The Ordinance, to some extent, indents a fundamental principle that the law applies equally to everyone. It also erodes judicial functions as even the courts cannot proceed suo motu. .

Rajasthan’s Criminal Laws (Rajasthan) Amendment Ordinance, 2017 is an executive order that essentially states that any criminal investigation against a public officer cannot be initiated without the state government’s permission. It also makes it a criminal offence to report or to name any such officer by the media. 

The rationale behind this law is said to be to protect the reputation of officers, and to ensure no frivolous cases are filed against them. The ordinance is however deeply and extensively problematic. 

Public officers — both legislative and executive — play a central role in governance. It is paramount that their independence and duty to function without fear or favour is protected. The Code of Criminal Procedure of 1973, which is the key statute governing procedure in criminal cases, keeping this in mind has incorporated Section 197. A magistrate can only take cognisance against a public officer after sanction from the state or central government has been granted if the crime being tried is one that was committed during the course of discharging his or her duties. Similar provisions also extend to army officers and judges. This Section thus limits judicial power to ensure that frivolous cases against public servants do not prevent them from performing their duties. 

Some more equal than others

Coupled with independence, it is also essential to place accountability on our public officers. To ensure any kind of faith in the system, keeping reasonable checks and balances is a must. It is in this part that the Ordinance falters. 

First, the fundamental principle of rule of law is that the law applies equally to everyone. This Ordinance, to some extent, erodes and indents this. It leaves for the possibility of misuse by the state machinery and misuse of it. 

2 Second, it can potentially limit access to justice. By adding another requirement before proceeding against public officers, it creates another hurdle and barrier for judicial function to take its course. It also erodes the judicial function as even the courts cannot proceed suo motto. 

3 Third, and perhaps most importantly, it limits the freedom of speech. The order makes it a criminal offence, attracting imprisonment of up to two years, in case the identity of public officers in question is revealed. The Supreme Court has on various occasions held that the press enjoys the fundamental right of freedom of speech. This ordinance, to protect the reputation of public officers will trample on that right. What is most worrisome is that the public won’t ever even know of the public officers in question. Thus, the impact of this ordinance will be to limit knowledge of the doings of the public officers. 

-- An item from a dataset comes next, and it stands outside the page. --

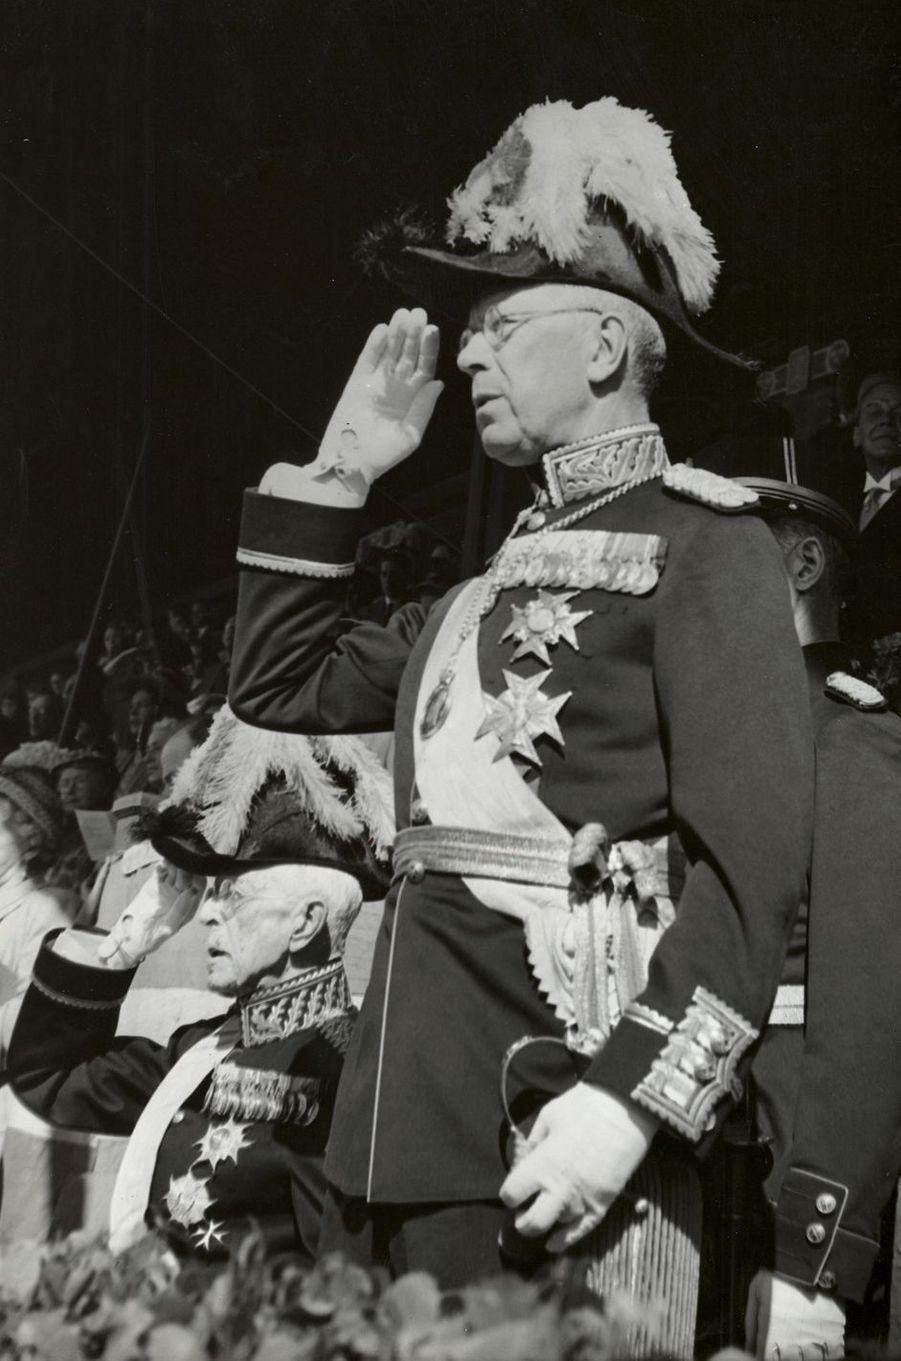 Le futur roi Gustaf VI Adolf de Suède avec son père le roi Gustaf V, le 6 juin 1949

Freedom of press curtailed

In our democratic government, it is for the legislative to legislate and frame rules, for the executive to execute these rules and if need be, for the judiciary to adjudicate. Principles of fairness, reasonableness and justice surround them. This ordinance seems to breach them all. The media, sometimes referred to as the ‘fourth’ branch, is also stripped of its function of dispensing information. 

It is of course unequivocally important to safeguard the interests and reputation of the public officers, but this also needs to be balanced with the rights of the public. In a very famous English case, the judges remarked ‘Not only must justice be done; it must also be seen to be done.’ This ordinance first creates a hurdle in the act of doing justice by adding the requirement of another layer of permissions. It then creates another hurdle in the act of ‘seeing’ justice by prohibiting dispensing of knowledge by the press.